* [What you have to do]:
Without the pictures, repeat the listing character for character.

* [Data block]:
===============

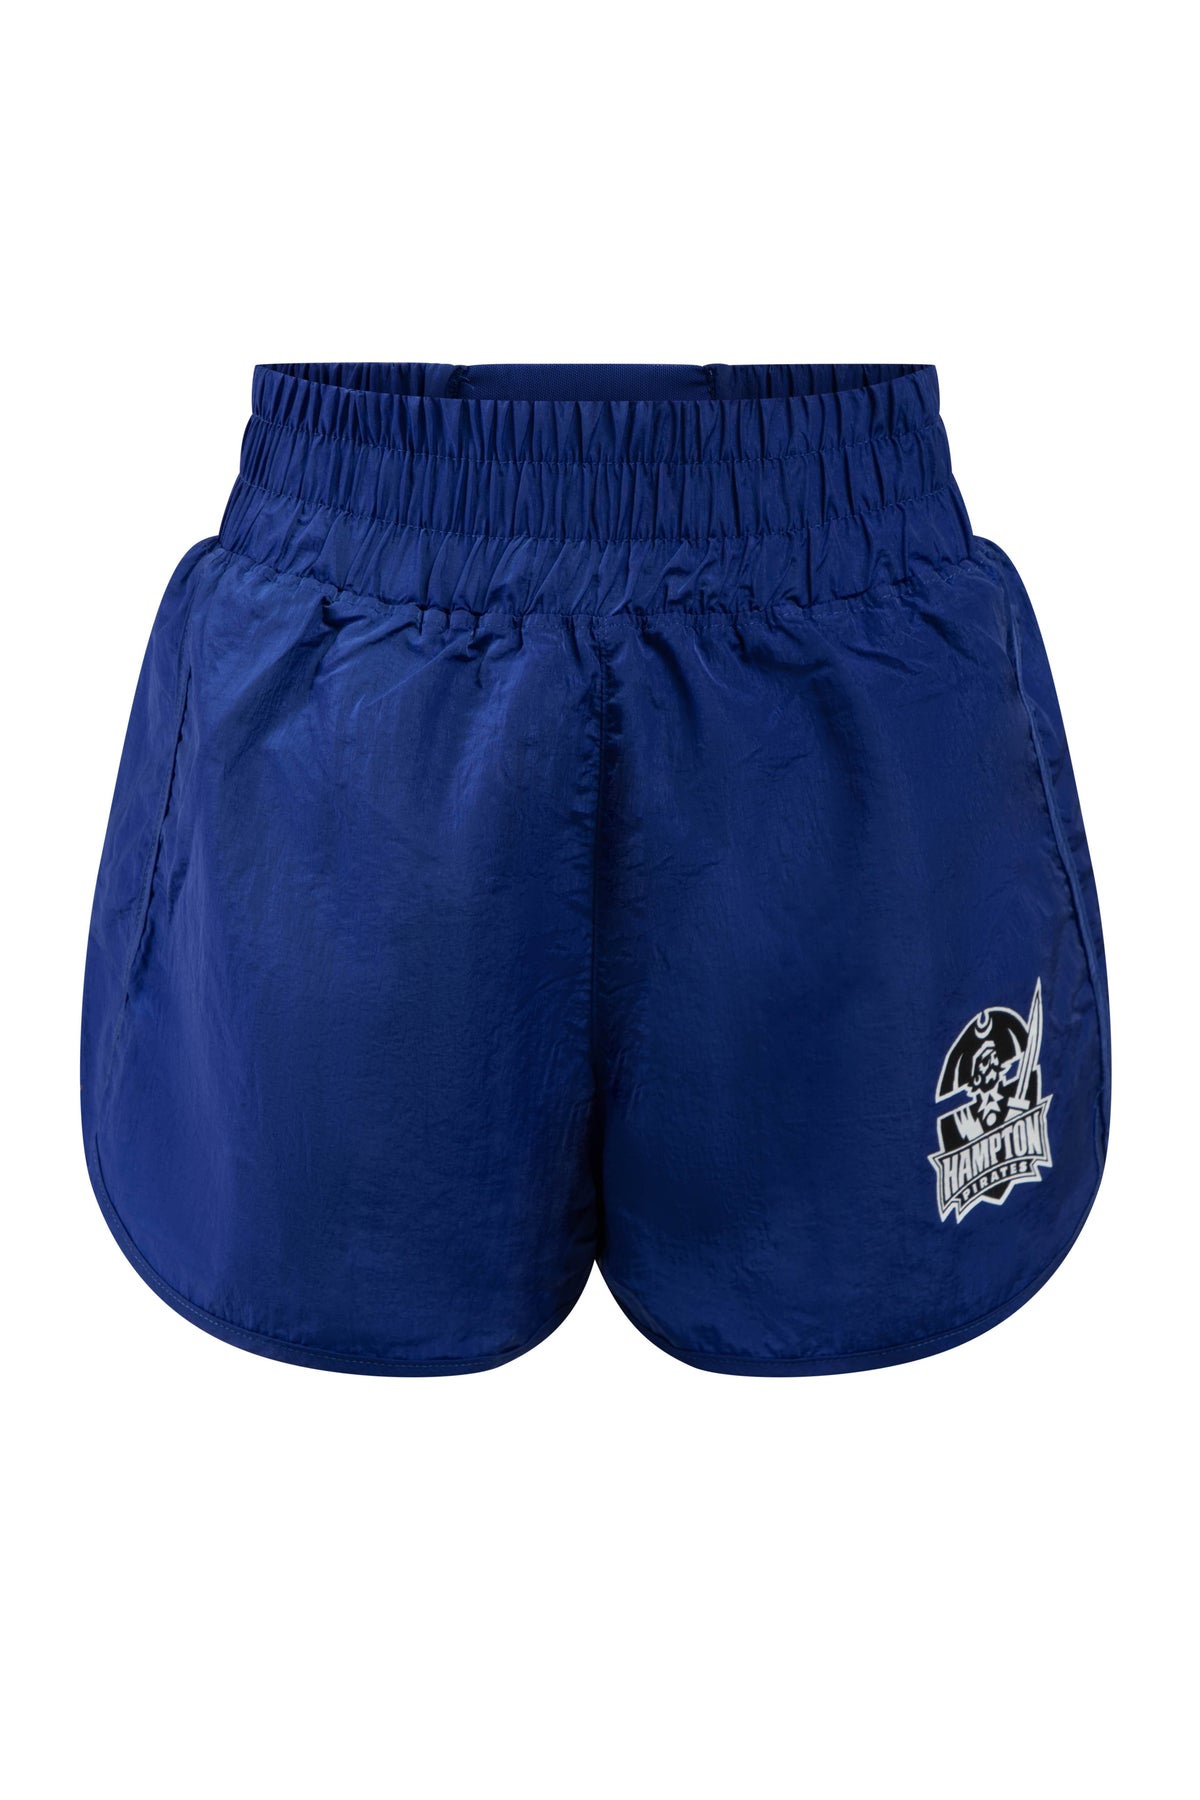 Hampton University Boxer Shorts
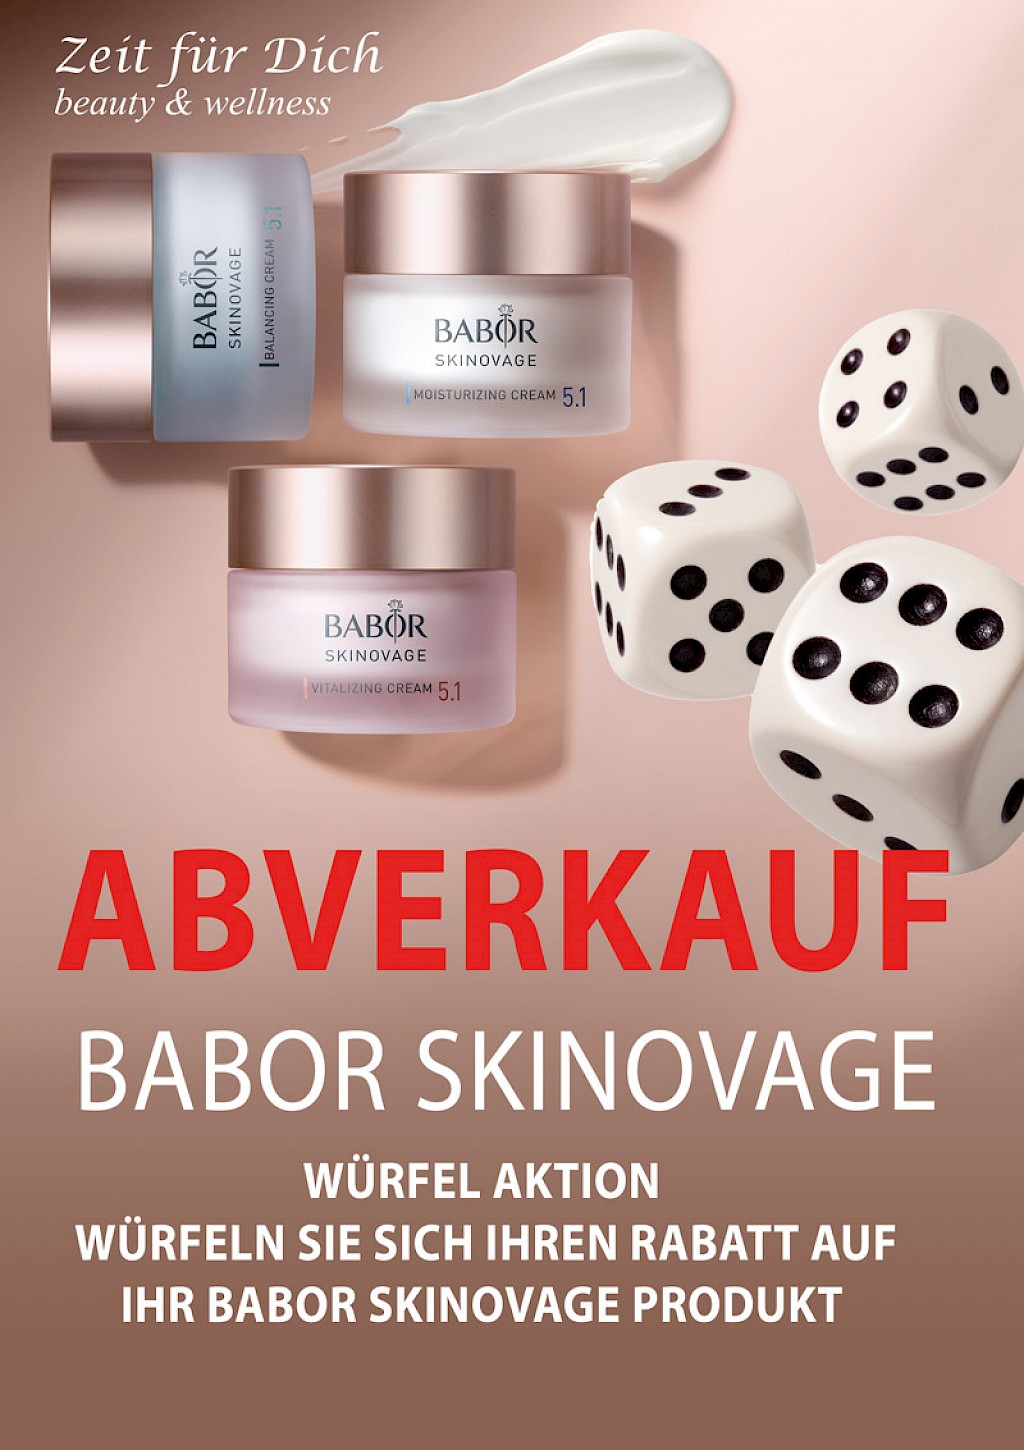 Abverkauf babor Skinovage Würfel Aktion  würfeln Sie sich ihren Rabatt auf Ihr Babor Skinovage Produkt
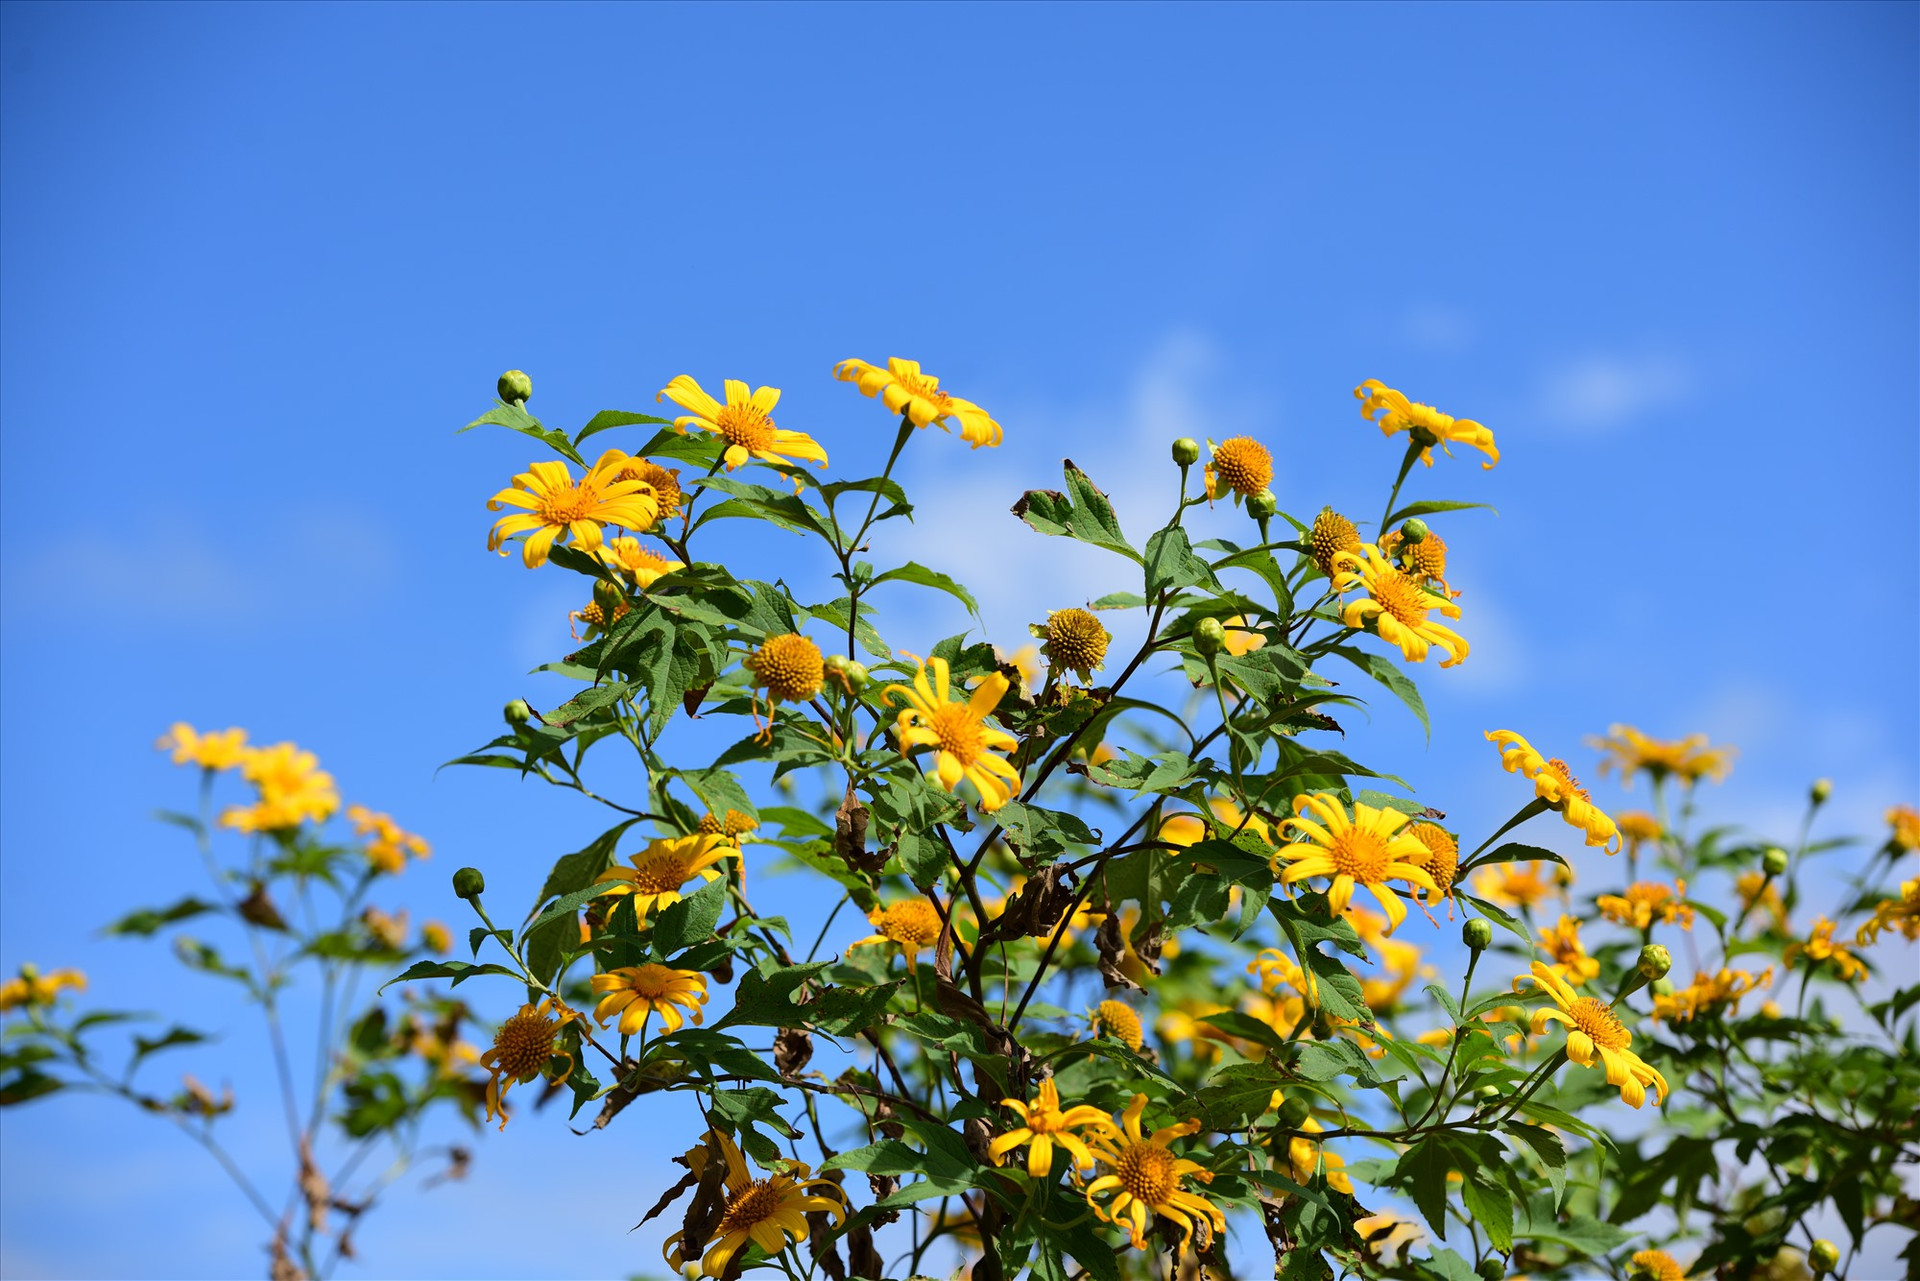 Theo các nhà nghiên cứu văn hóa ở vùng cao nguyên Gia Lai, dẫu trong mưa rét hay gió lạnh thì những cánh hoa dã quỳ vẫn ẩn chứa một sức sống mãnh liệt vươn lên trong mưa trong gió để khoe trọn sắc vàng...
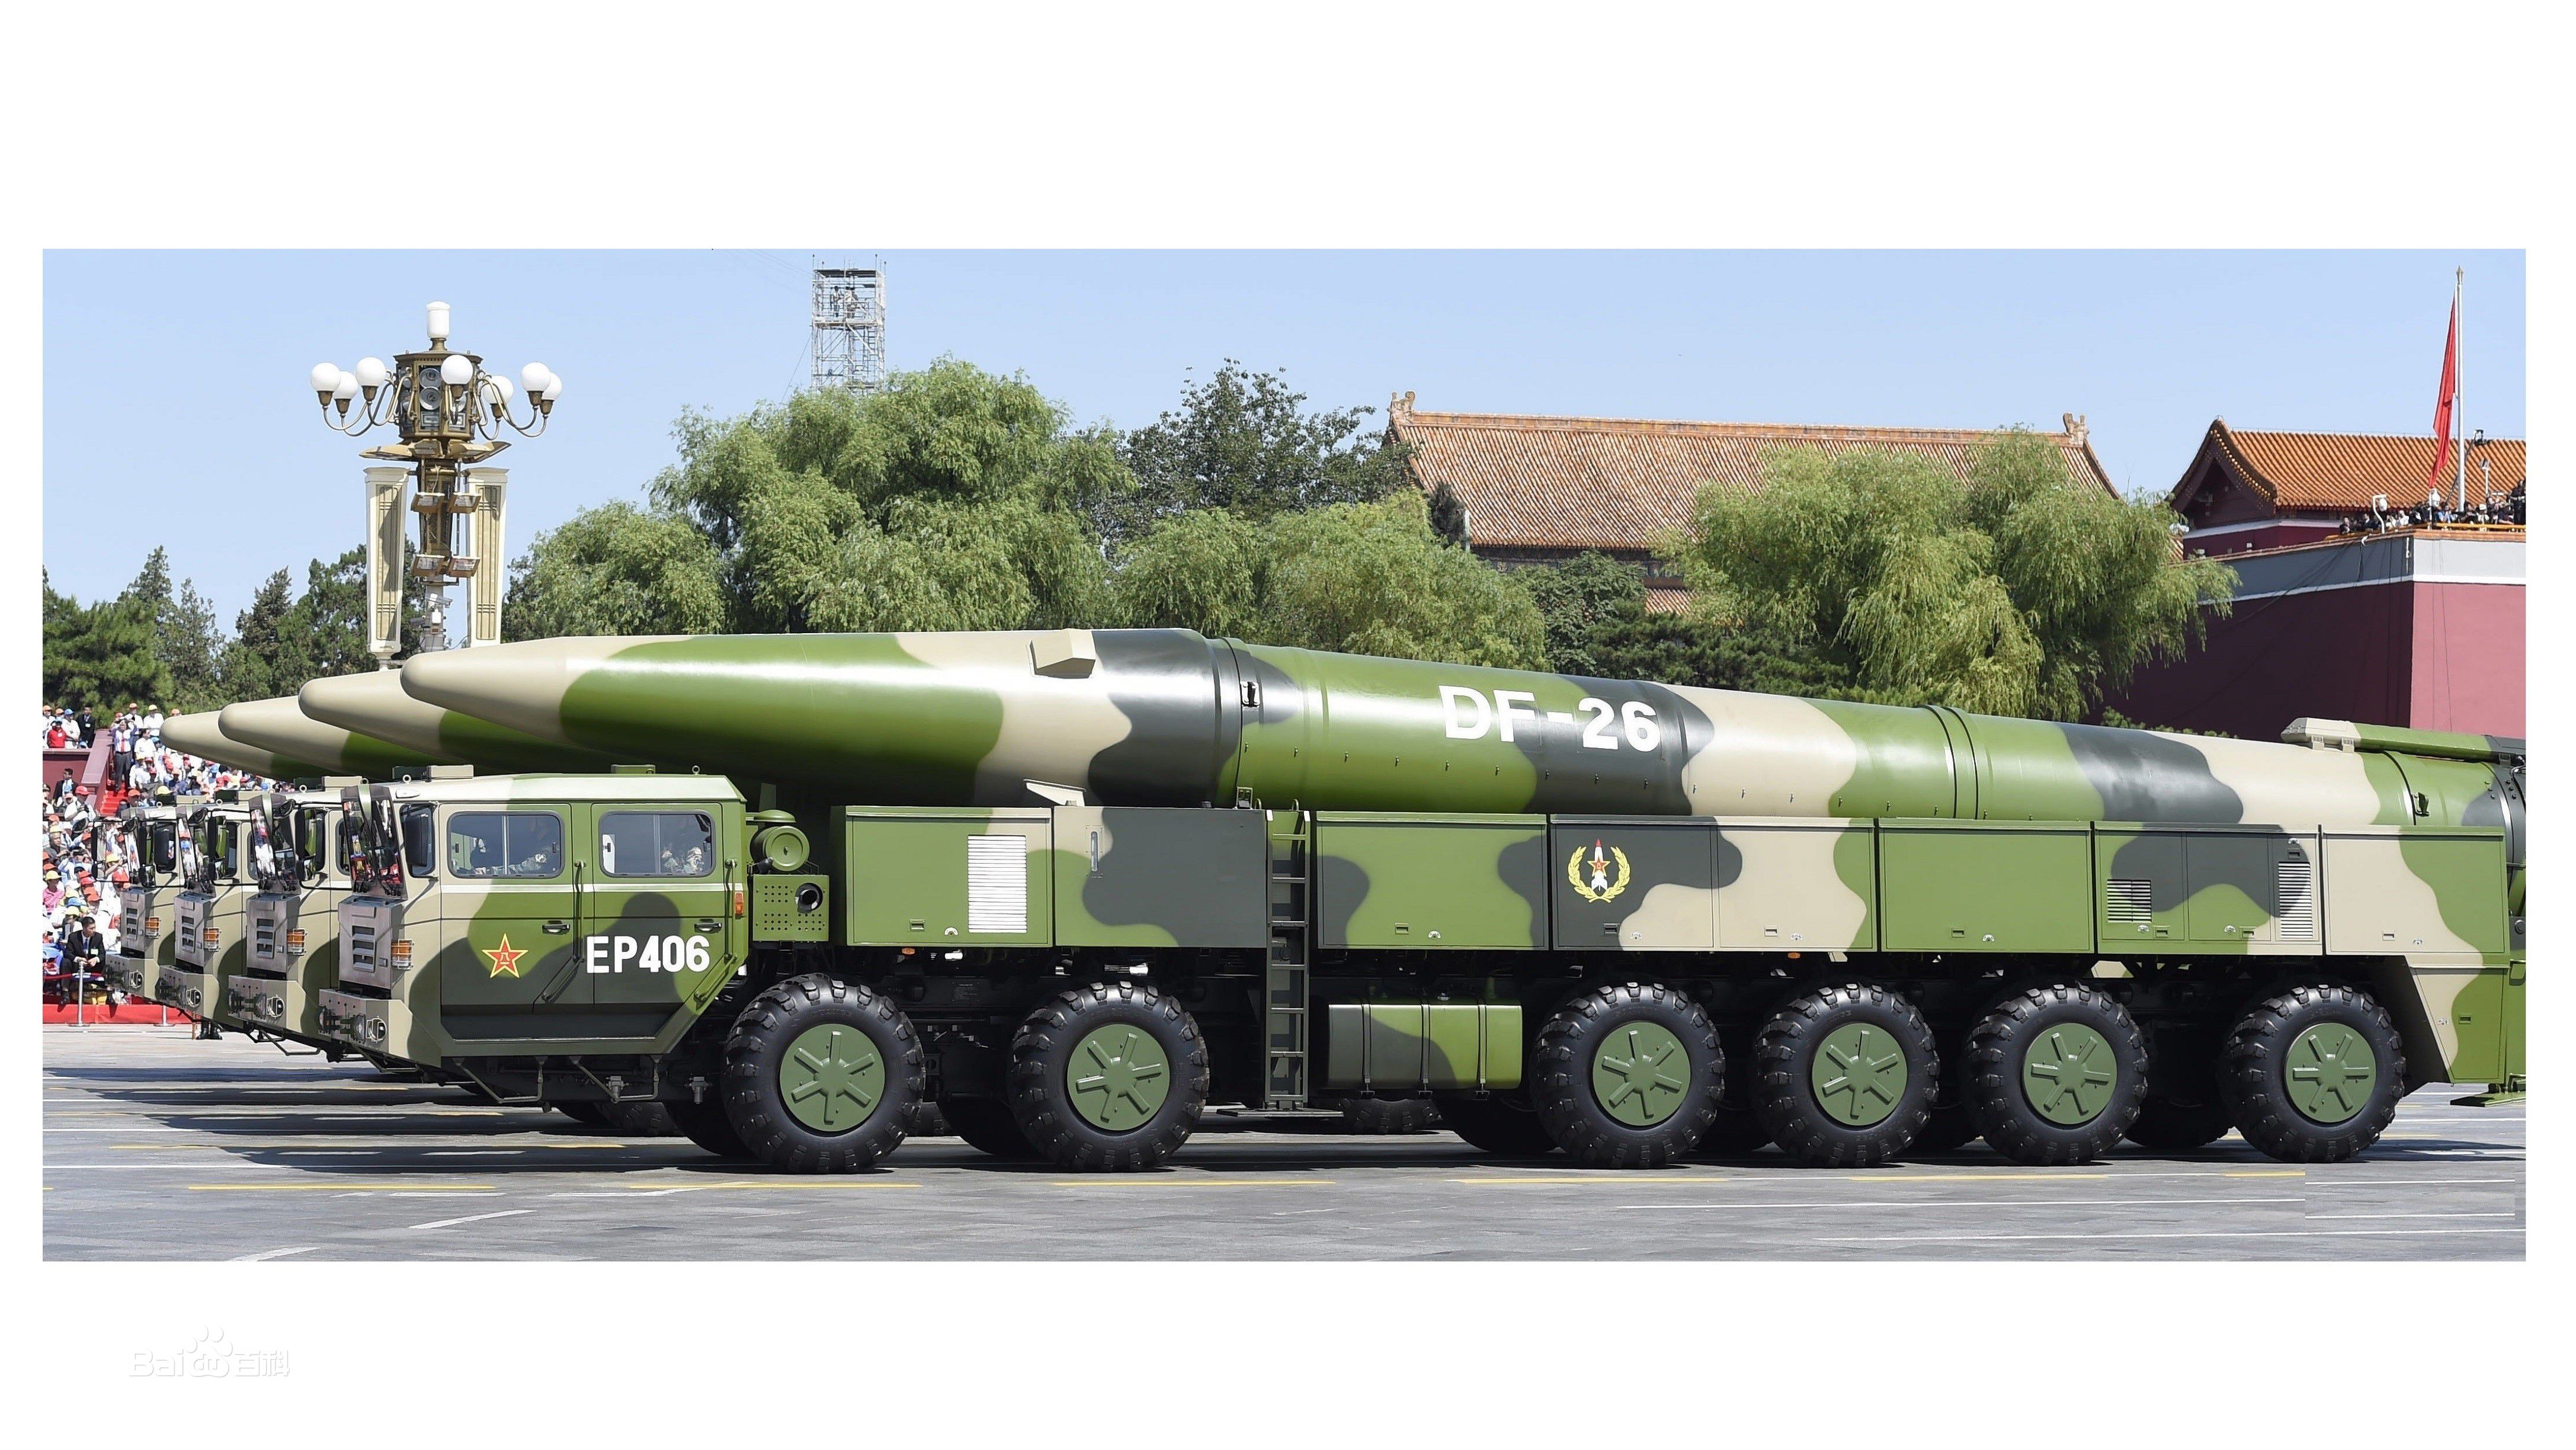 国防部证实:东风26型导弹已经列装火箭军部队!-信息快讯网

===============

* [Exercise response]:
 Hampton University Boxer Shorts
 Abverkauf babor Skinovage Würfel Aktion  würfeln Sie sich ihren Rabatt auf Ihr Babor Skinovage Produkt
 Theo các nhà nghiên cứu văn hóa ở vùng cao nguyên Gia Lai, dẫu trong mưa rét hay gió lạnh thì những cánh hoa dã quỳ vẫn ẩn chứa một sức sống mãnh liệt vươn lên trong mưa trong gió để khoe trọn sắc vàng...
 国防部证实:东风26型导弹已经列装火箭军部队!-信息快讯网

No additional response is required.